Я был готов к этому. Всего лишь месяц назад я воочию видел самого фюрера и поклялся ему в вечной верности. Вместе с тысячами других членов спортивного ферейна я участвовал в Великогерманских спортивных играх в Бреслау в 1938 году. Колоннами по восемь человек в ряд мы вошли на стадион и прокричали хором: "Мы хотим в наш дом, в наш рейх!" - новый лозунг, который стал для нас воплощением всех надежд и чаяний.

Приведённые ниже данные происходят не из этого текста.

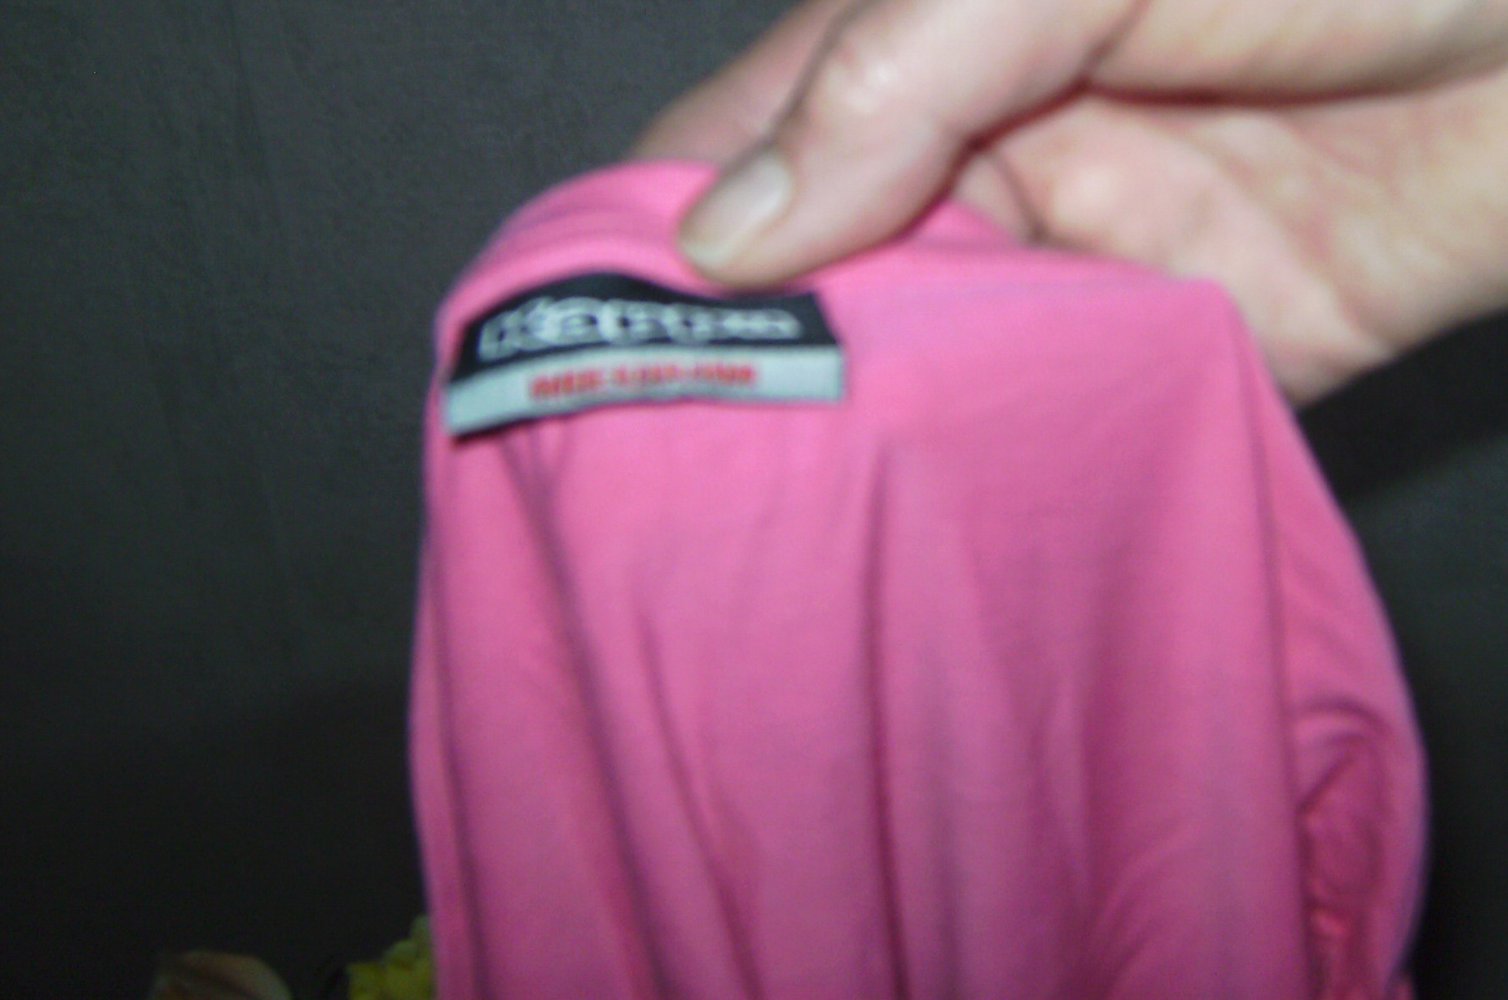 T-shirt, Sportshirt Gr. M, Kappa pink Kurzarm Outdoor Laufshirt Sportiv medium

Вокруг на трибунах приветствовали нас, хлопали в ладоши, топали ногами, махали руками, флагами, платками, пели песни, и все было как во сне, ликующем, шумящем, парящем и бурном сне. Но ведь это происходило в Германии, во владениях немецкой свободы и немецкого счастья! Так мы прошли по дорожке стадиона, и я все время украдкой оглядывался, не увижу ли фюрера, который, наверное, где-то здесь, среди ликующей толпы. Но я видел только дорожку стадиона перед собой, а над ней ревущие трибуны, где не мог различить ни одного лица, и справа и слева от дорожки стояла стена эсэсовцев, мы промаршировали вдоль всего стадиона, и мне было грустно, что я проглядел фюрера. Вдруг мы повернули, с нами слилась колонна, которая двигалась нам навстречу, и, заглушая наш хор, грянул марш, а на трибуне, совсем близко от нас, уже стоял фюрер. Он стоял в слепящем свете прожекторов, совсем близко, величественный и одинокий, как бог истории, он простер над нами руку, и его взгляд скользнул вдоль наших рядов. Я подумал, что сердце мое остановится, если фюрер посмотрит на меня, и тут я вдруг почувствовал, что вся моя жизнь навсегда отдана фюреру.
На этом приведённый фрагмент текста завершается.